USF Sarasota-Manatee professor travels to Africa to advise businesses

Dr. Jean Kabongo

Dr. Jean Kabongo

SARASOTA, Fla. (July 8, 2015) – Dr. Jean Kabongo’s recent return to Brazzaville in the Republic of Congo was more than a homecoming.

The associate professor at USF Sarasota-Manatee’s College of Business grew up just across the river in Kinshasa. So while he made a point of visiting his parents, who still live in Kinshasa, the main goal of his two-week stay was to advise business owners and startups.

After helping companies in Brazzaville, he did likewise in neighboring Cameroon.

When not teaching business management, leadership, international management, entrepreneurship and MBA courses, Dr. Kabongo serves as USF Sarasota-Manatee’s representative on a consortium of eight U.S. and Canadian universities under the Congo Basin Forest Partnership (CBFP).

Comprised of 70 members, including governments and conservation groups, the partnership was formed in 2002 to promote sustainable management of the natural resources of the Congo Basin in western equatorial Africa.

Dr. Kabongo, 52, is playing his part by holding workshops about business and management practices and meeting with business owners.

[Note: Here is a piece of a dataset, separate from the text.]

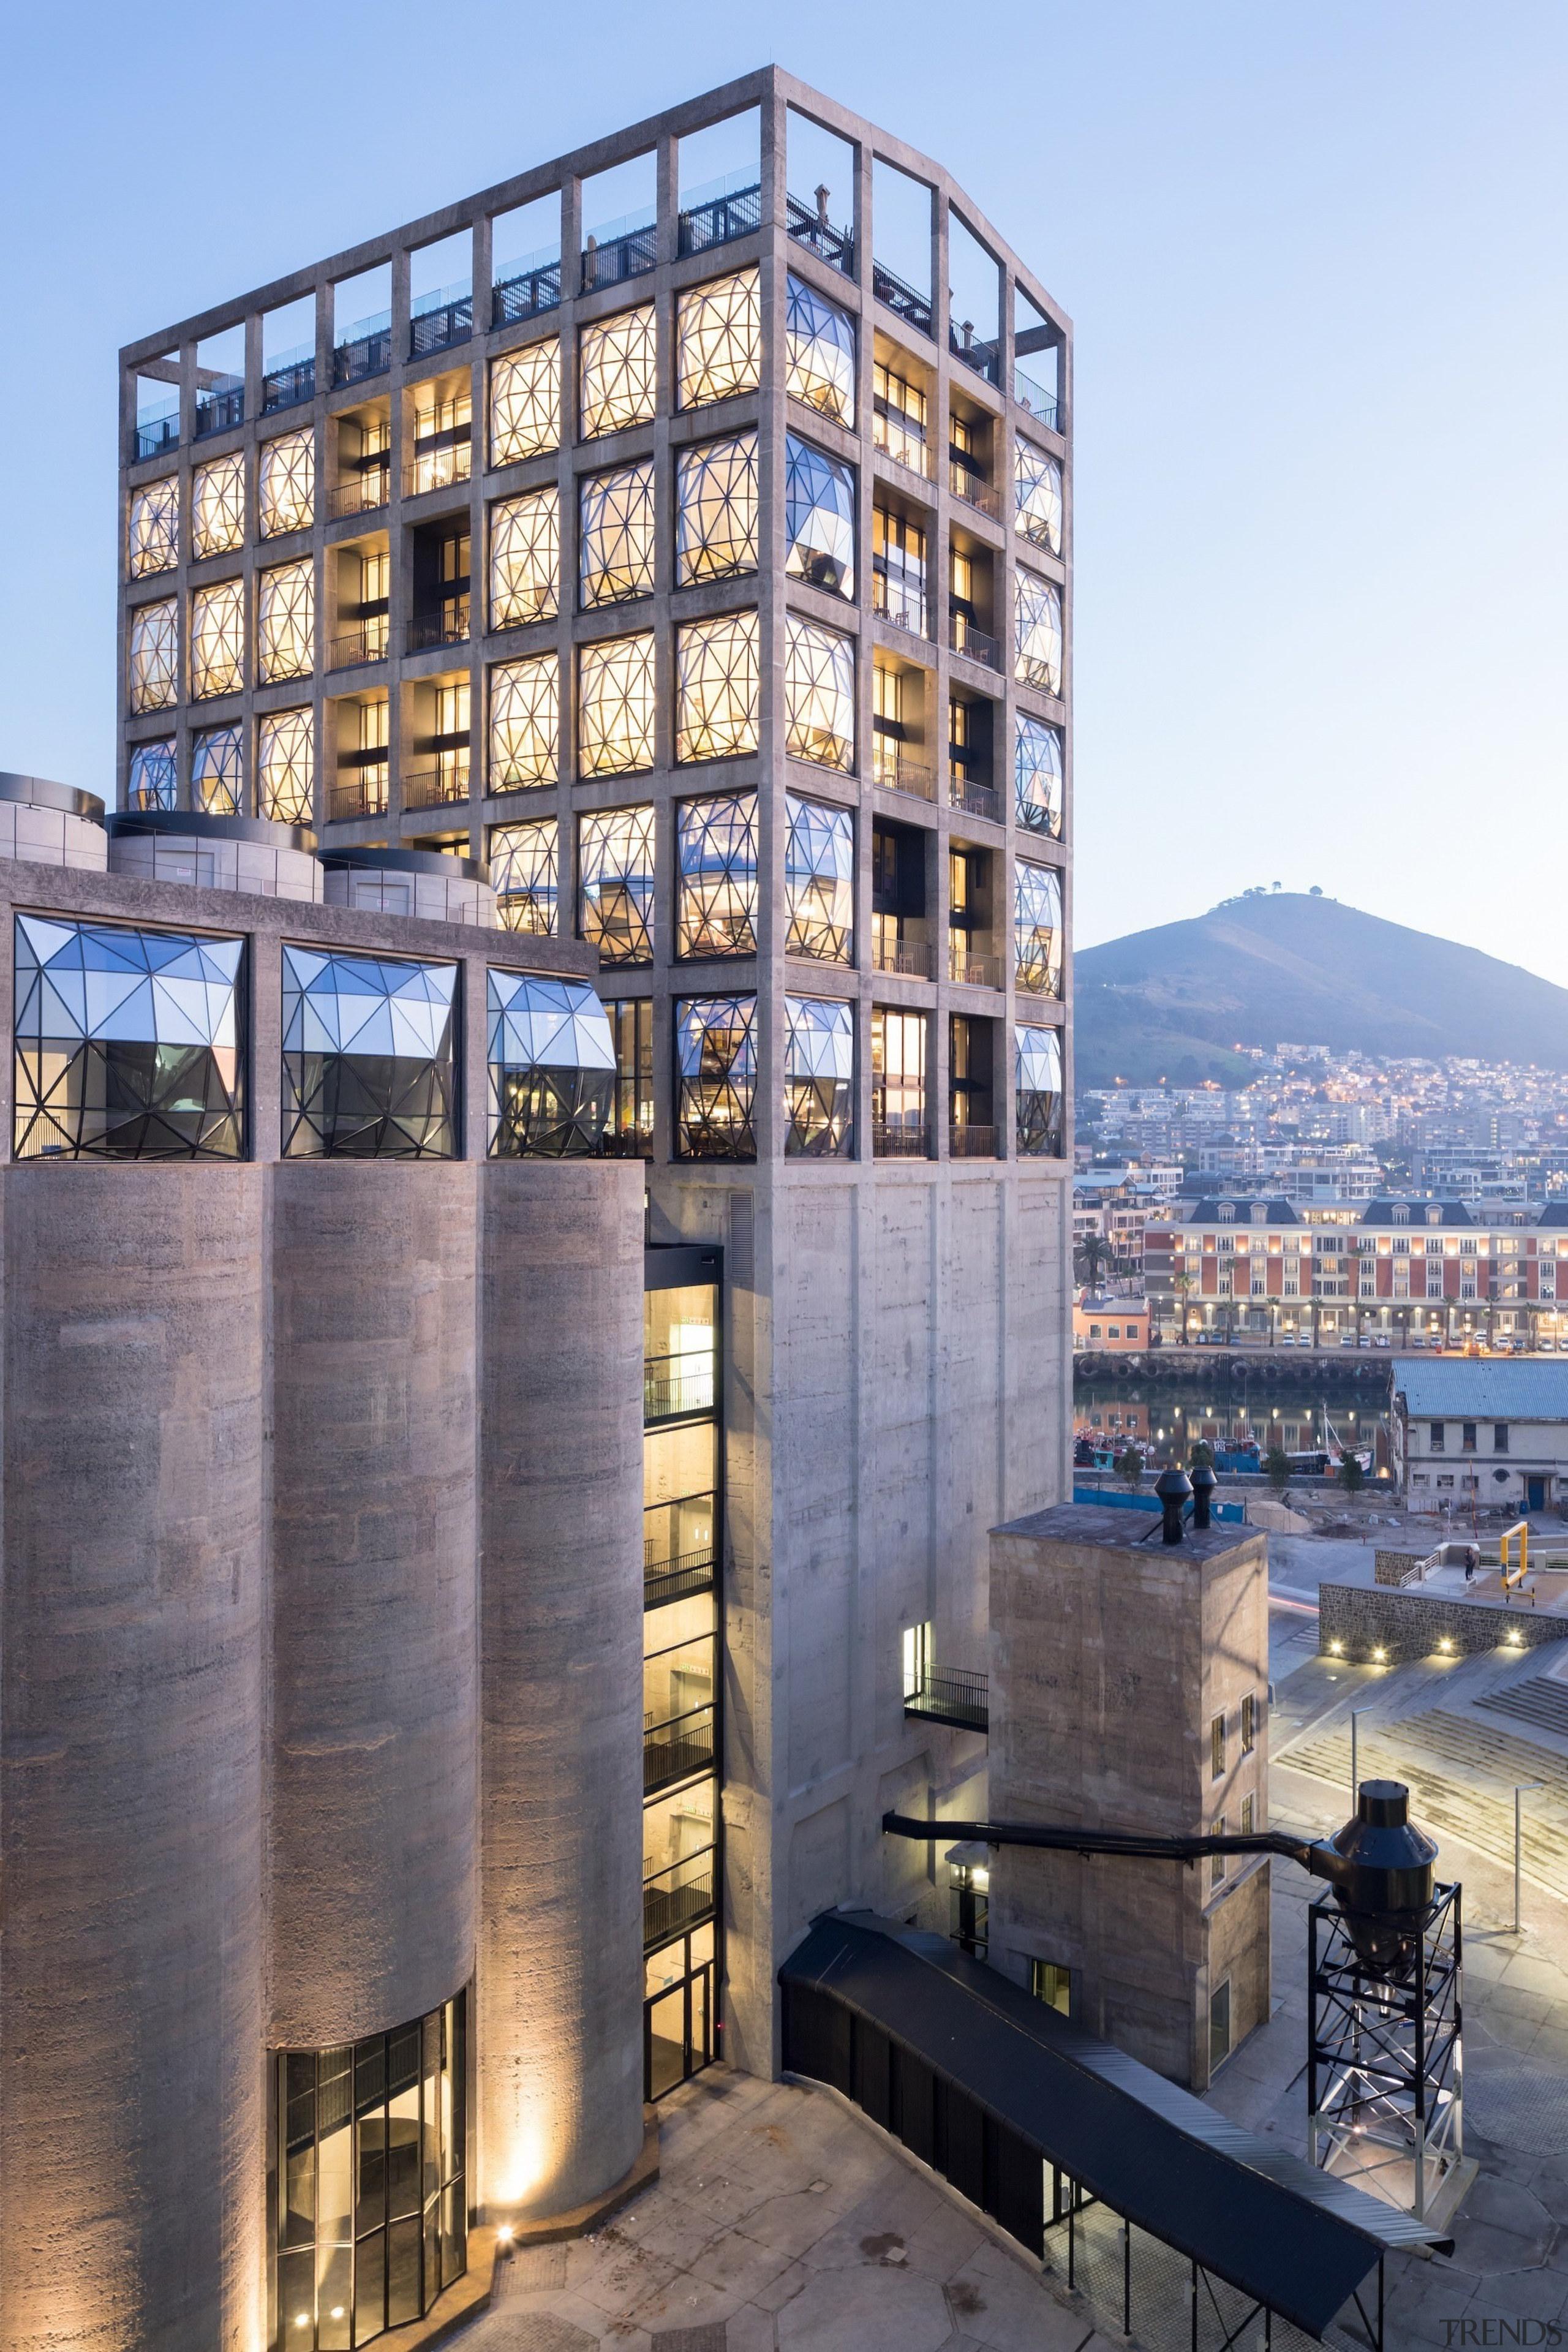 The Zeitz Museum of Contemporary Art Africa (Zeitz apartment, architecture, building, city, condominium, facade, metropolis, mixed use, real estate, sky, tower block, gray, teal

He conducted several such sessions in Brazzaville at the invitation of the chamber of commerce.

“The most common questions I got were how to get funding and where to go or who to see, a bank or international organization that promotes entrepreneurship in Africa,” he said.

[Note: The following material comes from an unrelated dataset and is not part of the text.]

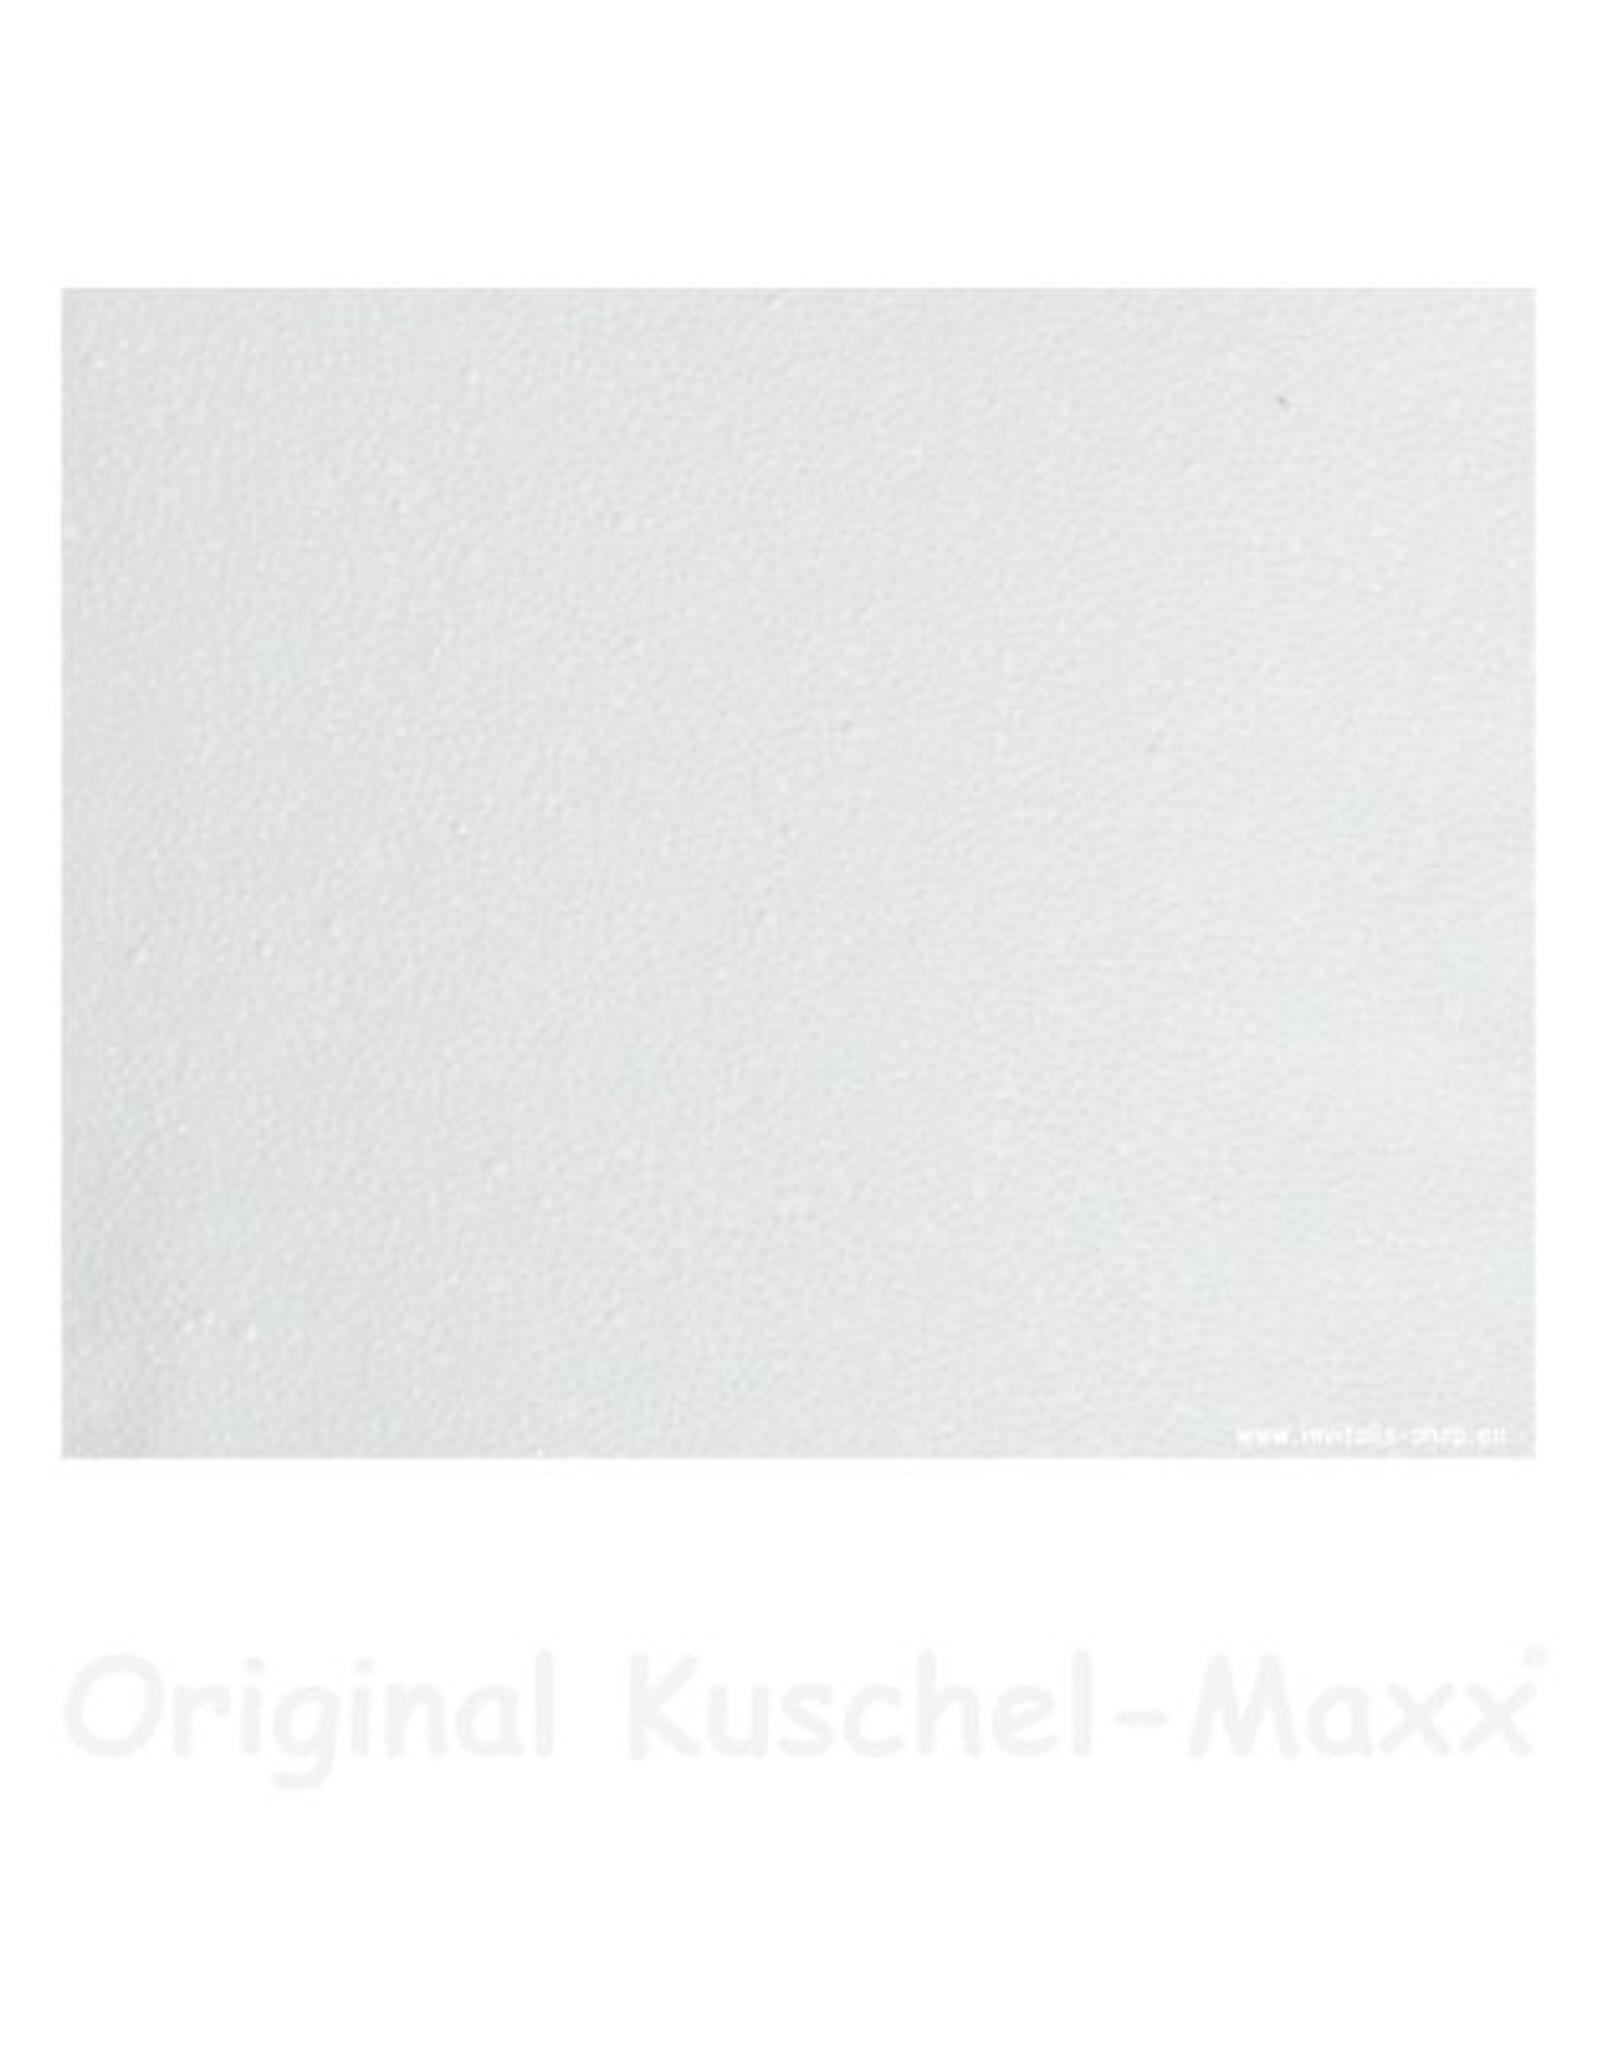 Kuschel-Maxx Kuschel-Maxx Refill

After a week in Brazzaville, he traveled 500 miles northwest to Yaoundé, Cameroon, for a three-day conference of the CBFP. More workshops and one-on-one sessions followed, but unlike Brazzaville, the conference’s first day in Yaoundé proved especially tricky.

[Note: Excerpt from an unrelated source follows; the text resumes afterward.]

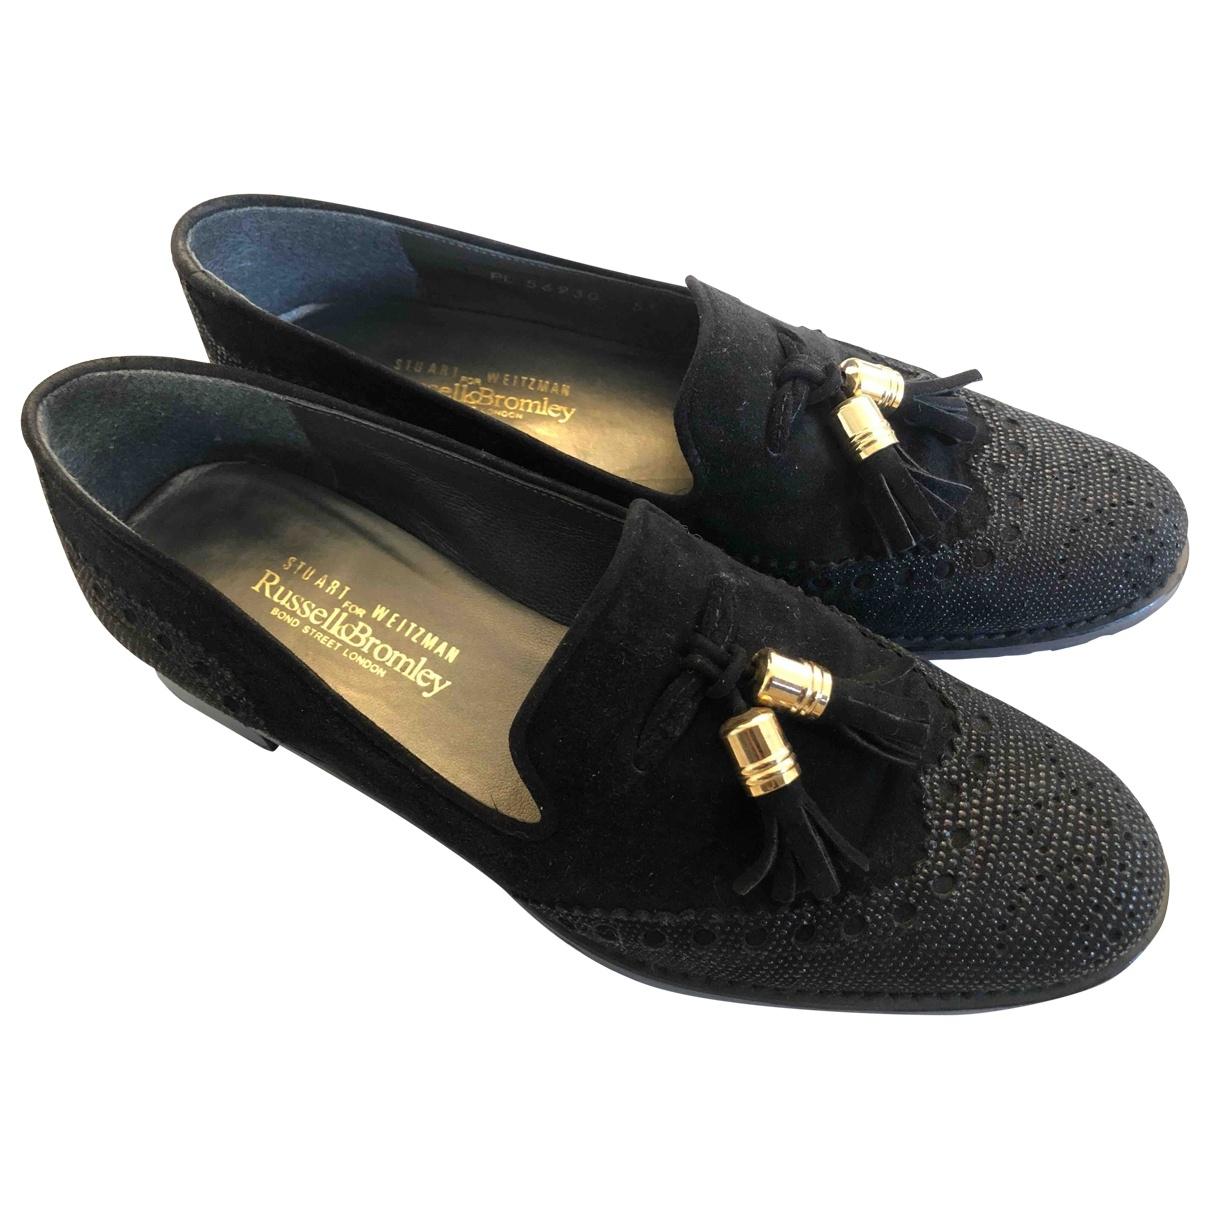 Stuart Weitzman \N Black Leather Flats for Women 3.5 UK

“We had no power,” he said. “It was held inside a big facility in a government building in the capital.”

Light through windows illuminated the space for the 40 attendees, but because the power was out – a problem fixed the next day – he couldn’t rely on visual aids. He had hoped to plug in a projector.

“I had my notes on my cell phone,” he said. “Fortunately it was charged.”

The lectures, meanwhile, proved lively and “very interactive” with attendees posing questions and talking about their companies, then approaching Dr. Kabongo afterward for advice about their business plans. This went on for hours.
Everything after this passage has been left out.